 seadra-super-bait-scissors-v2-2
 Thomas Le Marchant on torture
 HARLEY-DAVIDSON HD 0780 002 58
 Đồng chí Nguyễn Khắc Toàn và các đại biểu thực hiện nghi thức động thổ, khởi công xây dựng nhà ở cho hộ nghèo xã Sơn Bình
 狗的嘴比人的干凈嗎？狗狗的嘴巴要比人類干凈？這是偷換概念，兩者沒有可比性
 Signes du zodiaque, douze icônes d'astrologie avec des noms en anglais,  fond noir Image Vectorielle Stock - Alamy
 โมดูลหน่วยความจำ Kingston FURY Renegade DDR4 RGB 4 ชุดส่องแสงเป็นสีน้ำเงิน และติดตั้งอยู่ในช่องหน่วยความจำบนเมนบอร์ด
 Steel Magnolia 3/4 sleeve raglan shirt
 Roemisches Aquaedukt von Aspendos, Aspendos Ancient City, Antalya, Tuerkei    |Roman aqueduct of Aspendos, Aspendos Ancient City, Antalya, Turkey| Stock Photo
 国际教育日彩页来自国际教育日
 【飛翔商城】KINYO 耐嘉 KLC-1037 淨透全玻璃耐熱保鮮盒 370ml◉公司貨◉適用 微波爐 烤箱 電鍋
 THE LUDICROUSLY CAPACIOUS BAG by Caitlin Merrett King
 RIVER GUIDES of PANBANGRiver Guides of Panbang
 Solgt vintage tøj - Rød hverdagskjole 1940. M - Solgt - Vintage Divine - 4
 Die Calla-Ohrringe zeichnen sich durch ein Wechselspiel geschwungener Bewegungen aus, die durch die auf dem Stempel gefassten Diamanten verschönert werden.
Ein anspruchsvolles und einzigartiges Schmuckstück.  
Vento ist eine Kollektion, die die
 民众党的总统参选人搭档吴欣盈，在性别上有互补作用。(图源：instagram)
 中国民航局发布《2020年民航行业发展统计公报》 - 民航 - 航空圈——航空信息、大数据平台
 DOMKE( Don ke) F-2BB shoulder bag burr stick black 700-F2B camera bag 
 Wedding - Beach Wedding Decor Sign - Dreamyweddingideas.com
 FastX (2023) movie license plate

◆ ◆ ◆ ◆

Restate word for word the lines from the one holding "Wedding - Beach" through the last line of the listing, omitting every earlier line.

 Wedding - Beach Wedding Decor Sign - Dreamyweddingideas.com
 FastX (2023) movie license plate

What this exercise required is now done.